# Data shown
________________________
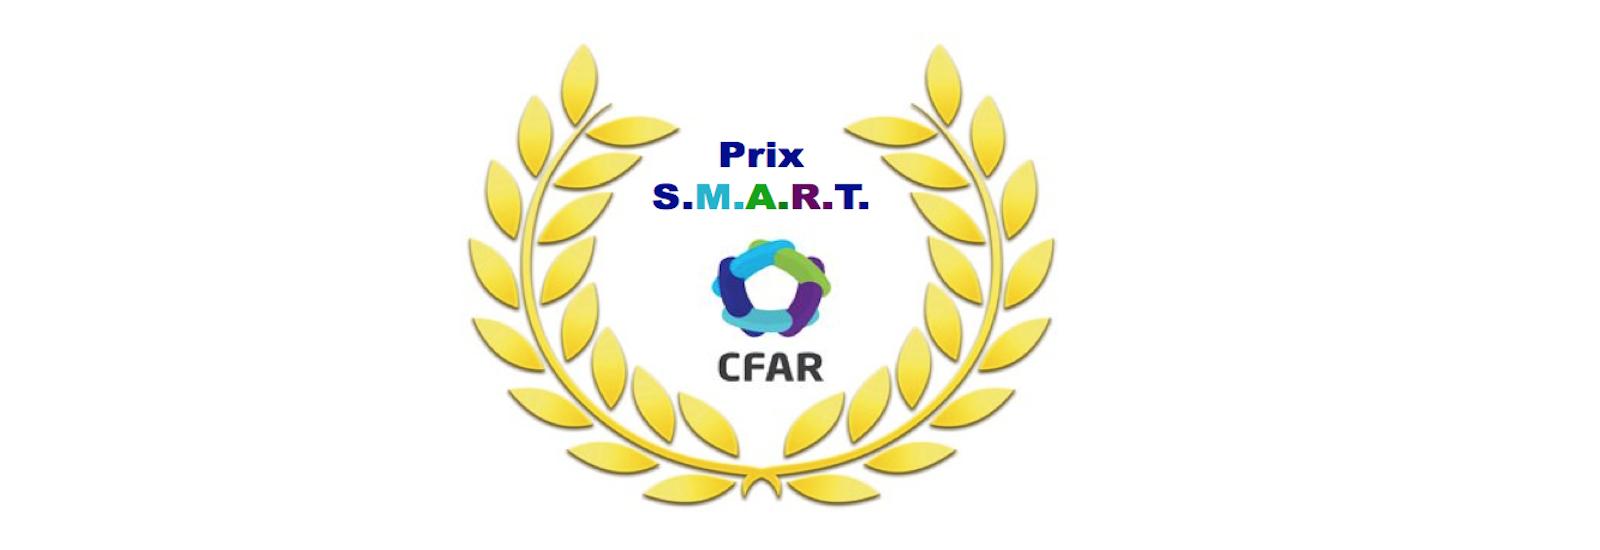 Prix SMART-CFAR : les travaux sur la santé au travail récompensés !
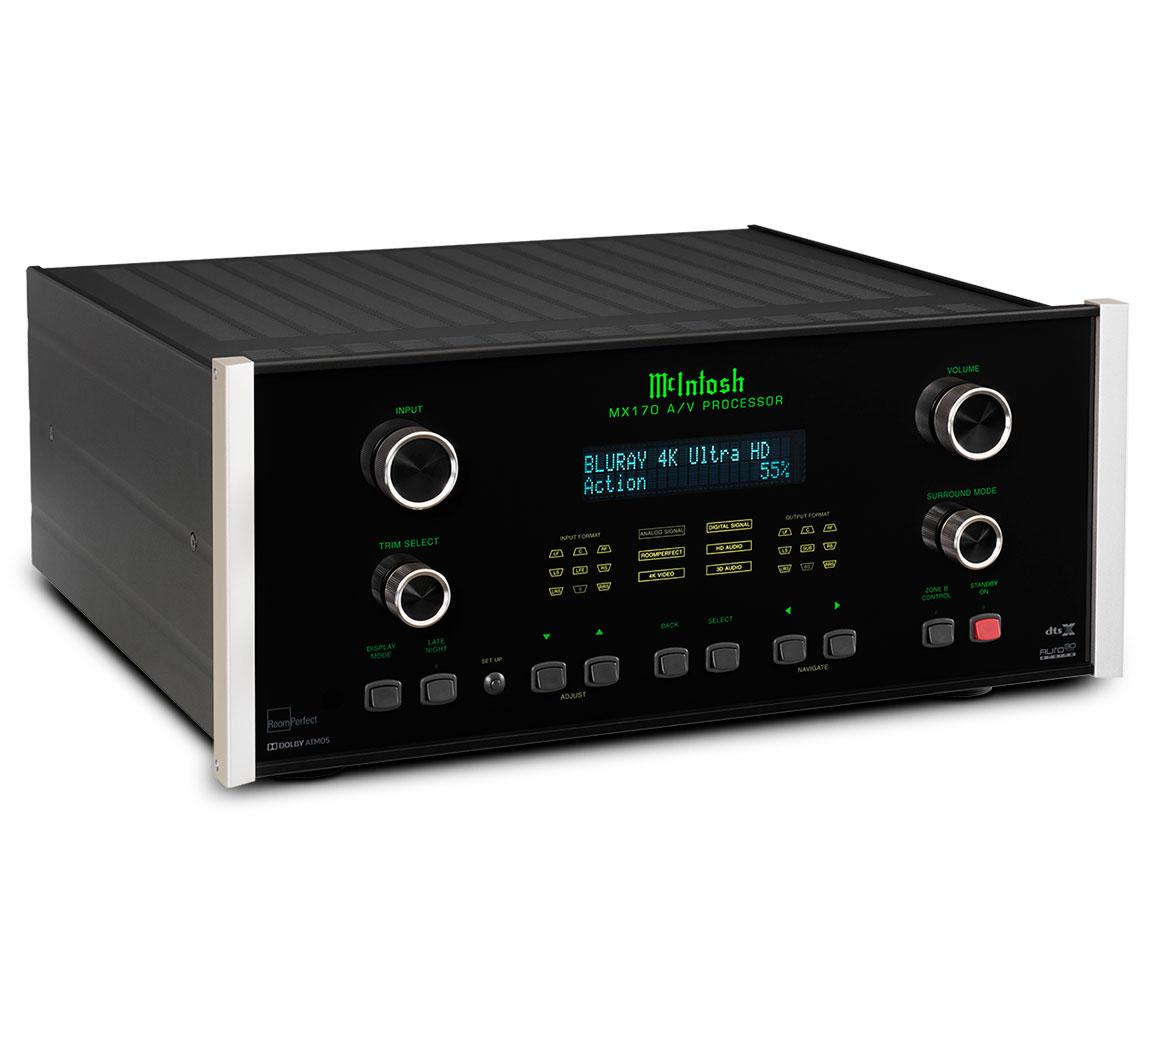 McIntosh MX170 przedwzmacniacz procesor AV
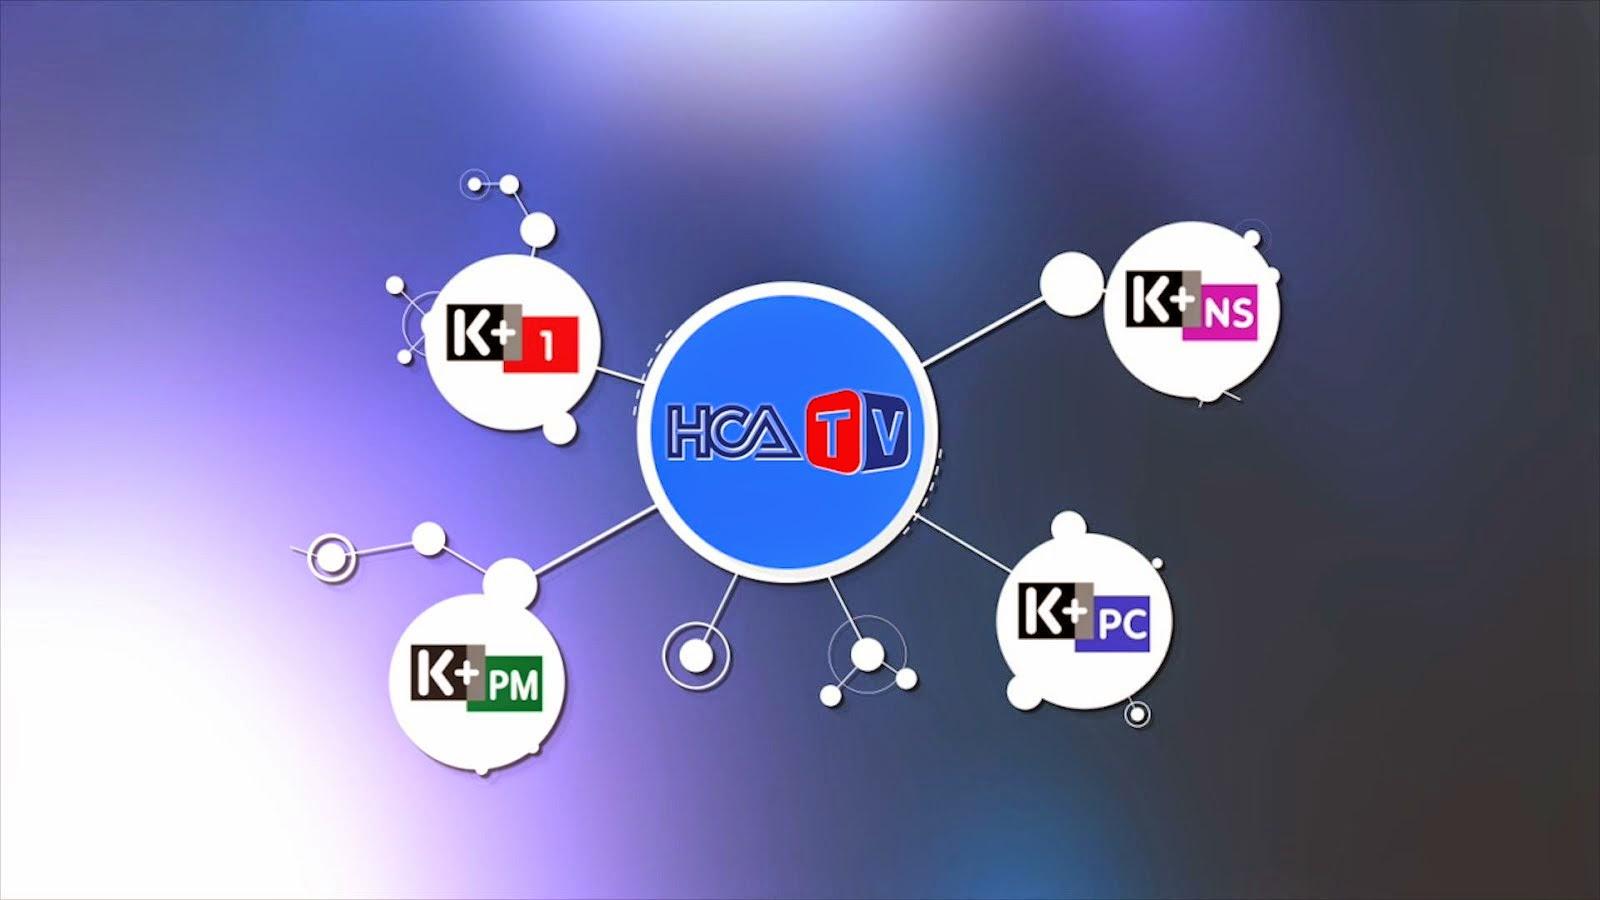 Xem K+ trên HCATV
________________________
# To do
Your task is to repeat the listing exactly while omitting its pictures.

# Result
 Prix SMART-CFAR : les travaux sur la santé au travail récompensés !
 McIntosh MX170 przedwzmacniacz procesor AV
 Xem K+ trên HCATV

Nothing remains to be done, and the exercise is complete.